May 23 2008 at 2:02pm

Tutorials need to teach

I just came across a certain article on some drupal theming techniques that called itself a tutorial. What’s the problem? It didn’t actually teach (or tutor) anything. It simply gave you some code to copy and paste and told you where to paste it. How does that help?

People aren’t going to learn if you just give them the answers. This happens all the time in the forums –people post a question and someone comes along and gives them the code to paste in. That solves the problem but the poster doesn’t learn anything in the process.

With coding questions in particular I’ll often give people most of the answer, even writing out a step-by-step tutorial, but I won’t post the full code or a link to a working page. This way the user has to put things together themselves and figure out how things work. There was a really great post at Creating Passionate Users called “Cognitive Seduction and the “peekaboo” law”:

In learning, the more you fill things in and hold the learner’s hand, the less their brain will engage. If they don’t need to fire a single neuron to walk through the tutorial, lesson, lecture, etc., they’re getting a shallow, surface-level, non-memorable exposure of “covered” material, but… what’s the point?

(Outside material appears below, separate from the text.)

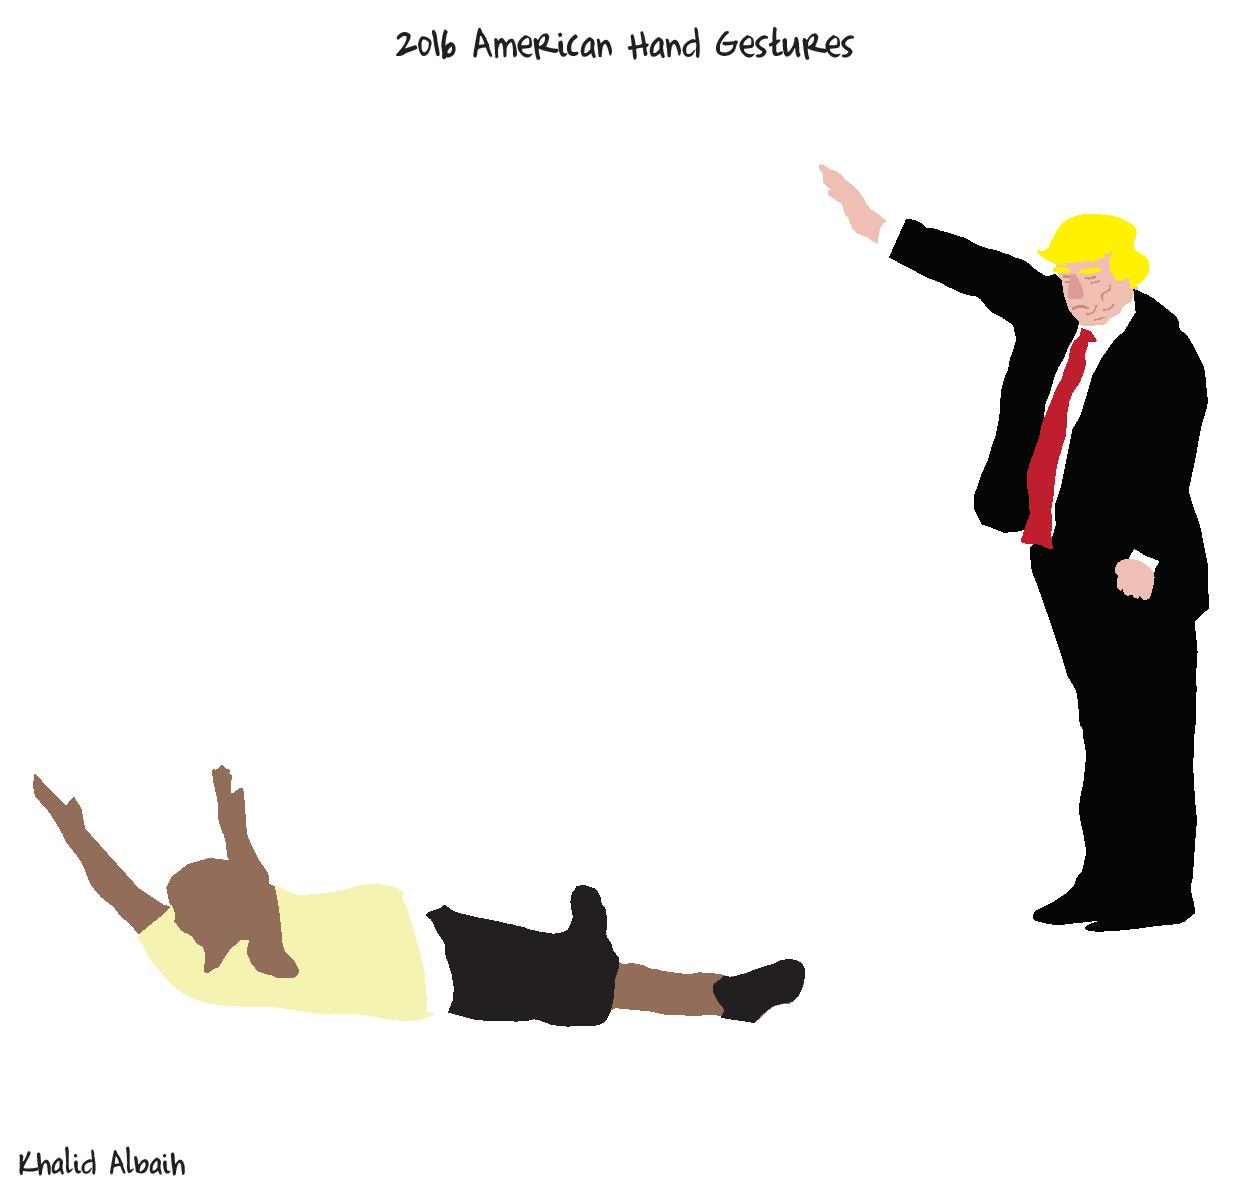 L’art de la satire de Khalid Albaih – The art of satire by Khalid Albaih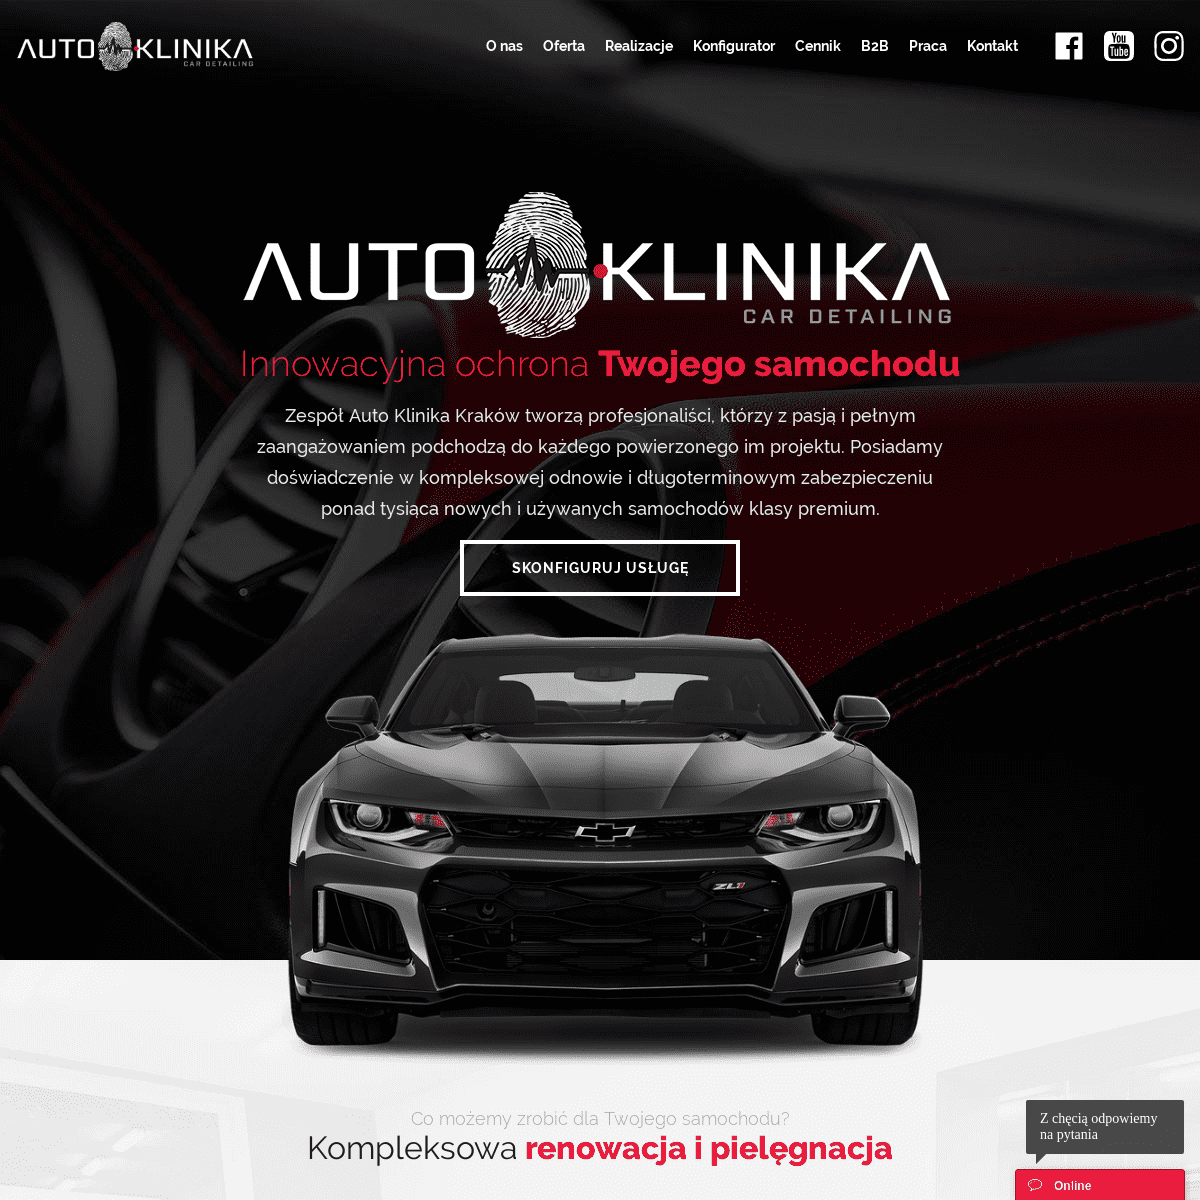 A complete backup of autoklinika-krakow.pl

(I totally love that blog. So sad that she’s no longer posting. It’s a must read if you’re interested in education and/or software development or something in between).

With the tutorial in question I came out with some samples of the code I would need to do something similar to what I really want to do. It doesn’t help me understand what those variables are doing and how I can use them in different ways. Not a tutorial.

See, it’s a short post for once. Aren’t you happy?